Рассказывает Махнева (Говор) Вера Федоровна, 1932 г.р., г. Северск; расспросила, записала и обработала О.С. Берловская.

О родичах, о себе. Вера Федоровна Махнева (ур. Говор) родилась в Томске 18.07.1932 г. Отец Говор Федор Ульянович (Юлианович) 07.06. 1912 г. – 22.04.1946 г. Мать Гирс Александра Павловна 27.02.1911 г. -11.08.1994 г. Родители родились и жили в Виленке, но в 1931 г., когда началась коллективизация, дед Ульян (Говор Юлиан Францевич (1879-1937 гг.) отправил их в Томск.

Вера Федоровна летом гостила у своих бабушек в Виленке - со стороны отца Говор (ур.

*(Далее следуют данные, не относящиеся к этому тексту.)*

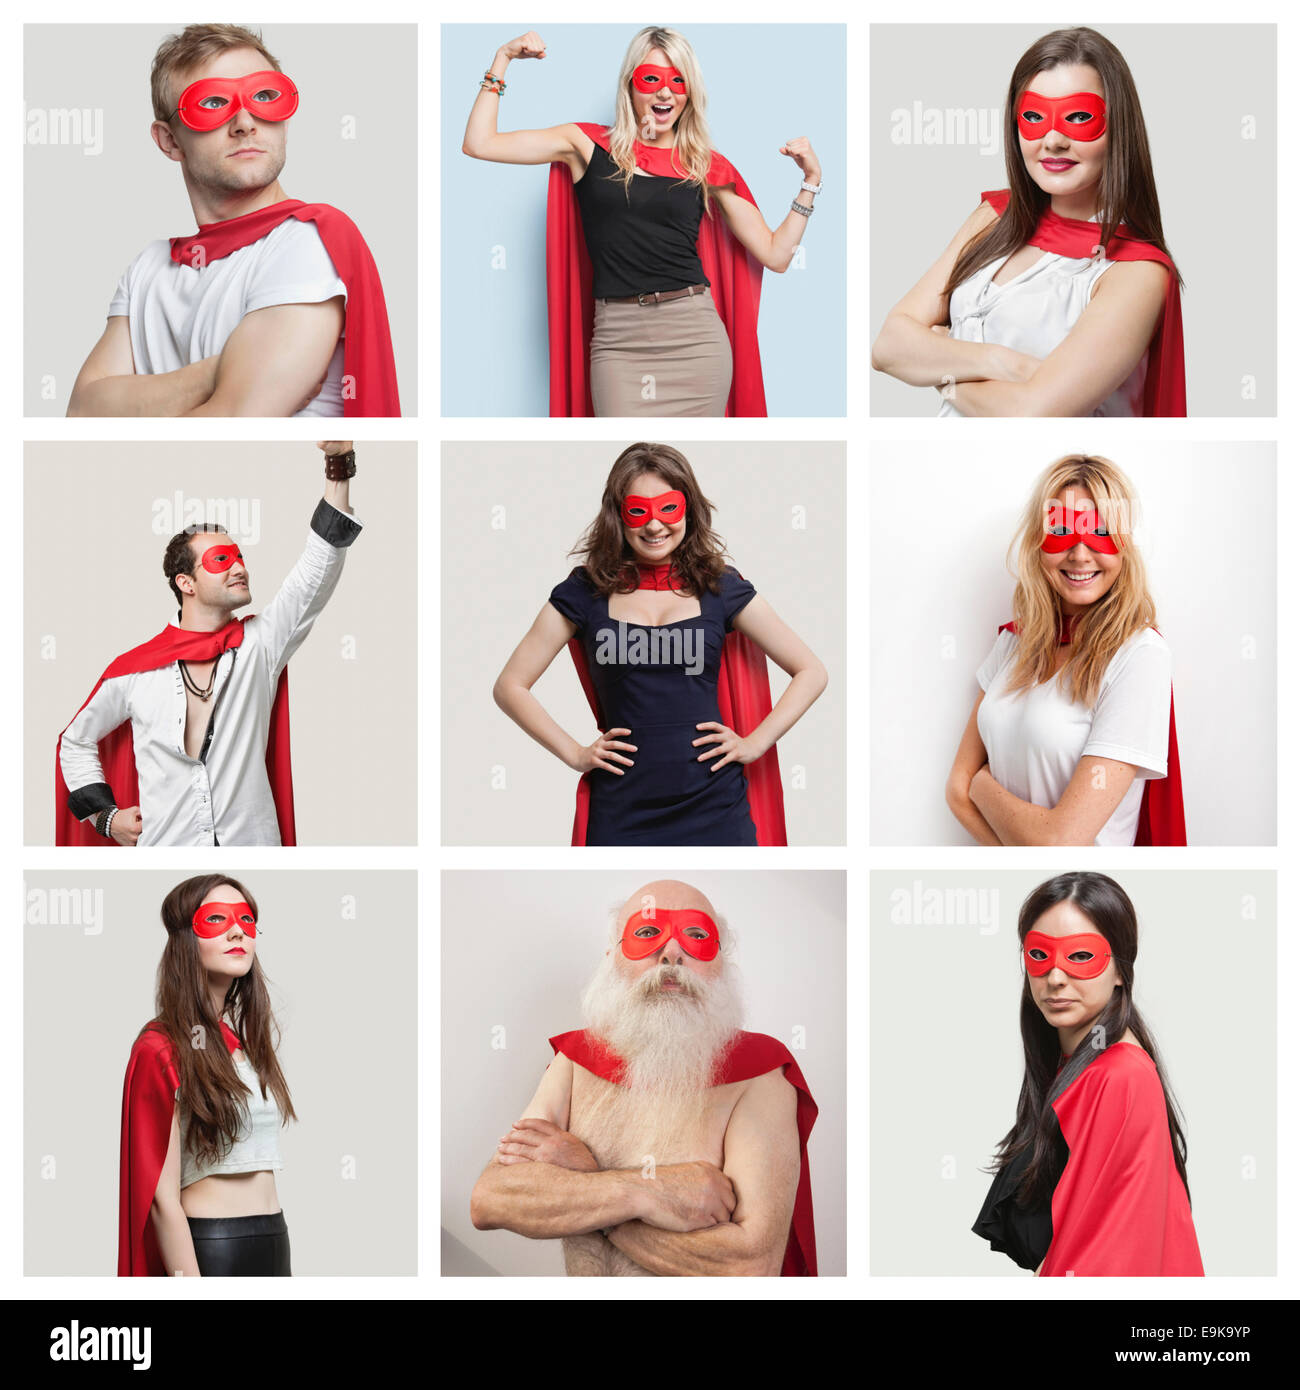 Collage de seguros de personas vestidas con trajes de superhéroe Imagen De Stock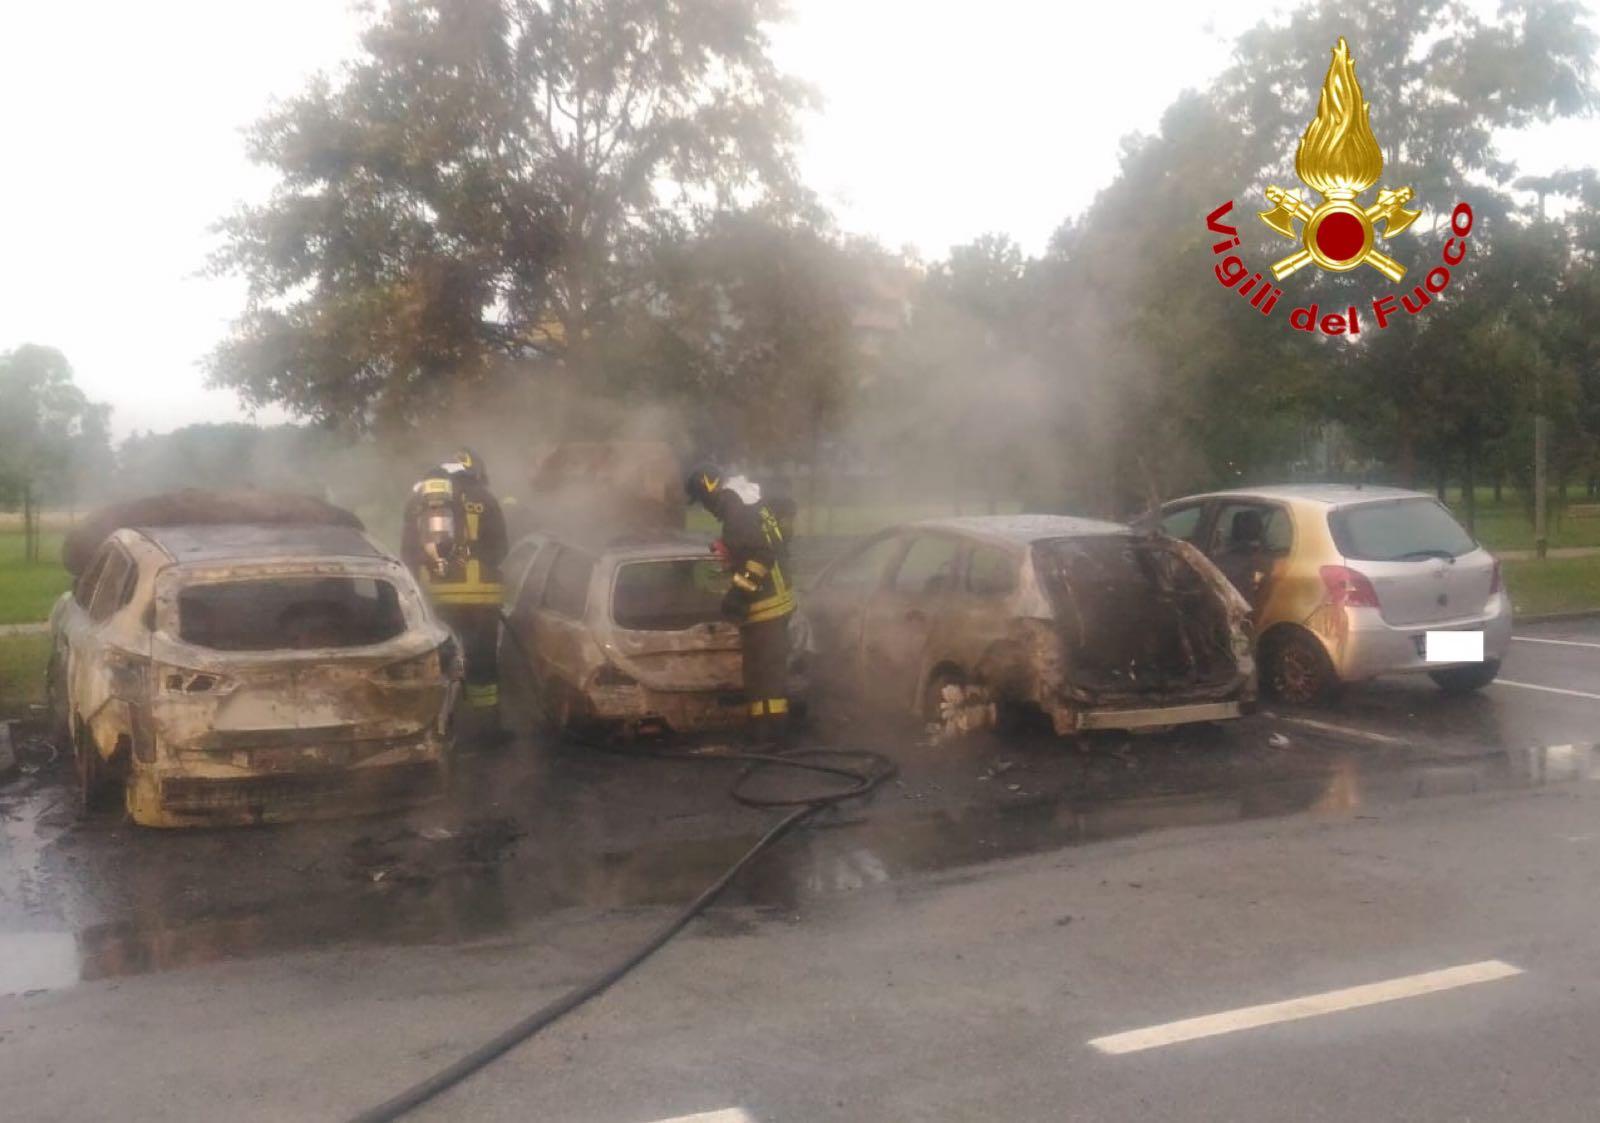 IncendioAutoSettimo3

Янковская) Ульяна (Юлиания) Ивановна, 1886 г.р. Бабушка «Домаша» - со стороны матери (Андреева Домна Ивановна, 1890-1961 гг.).

Говор Ульян (Юлиан) Францевич (1879-1937 гг.), дед Веры Федоровны, возил почту, вступать в колхоз не хотел. В 1937 г. был арестован по линии НКВД.

Бабушка Ульяна (Юлиания) Ивановна Говор (ур. Янковская), 1886 г.р., всегда ходила в фартуке. Иконы в домах не выпячивали. Говорили по-русски, но Ульяна иногда могла сказать вместо «тарелка» - «талерка» по-белорусски.

О Виленке. Вера Федоровна вспоминает, в центре деревни, на возвышенности, стоял большой дом. Его обитателей называли «захарятами», т.к. главой дома был Андреев Иван Захарович. По воспоминаниям жителей, этот дом уже стоял, когда приехала основная масса переселенцев. В 1917 г. у Ивана Захаровича умерла жена, и оставшихся многочисленных детей он воспитывал один. Среди его детей: Домна (1890-1961 гг.); Василий (1883-?); Федора (1895-1971 гг.); Сергей (1886-1914 гг.; Анна; Матрена (?- 1960-е гг.). Этот дом – был центральным в жизни виленцев. Несмотря на то что, на кроватях лежало старое, грязное тряпье, были клопы, в доме постоянно собирались или иногда ночевали люди. В этом доме часто устраивали «вечёрки».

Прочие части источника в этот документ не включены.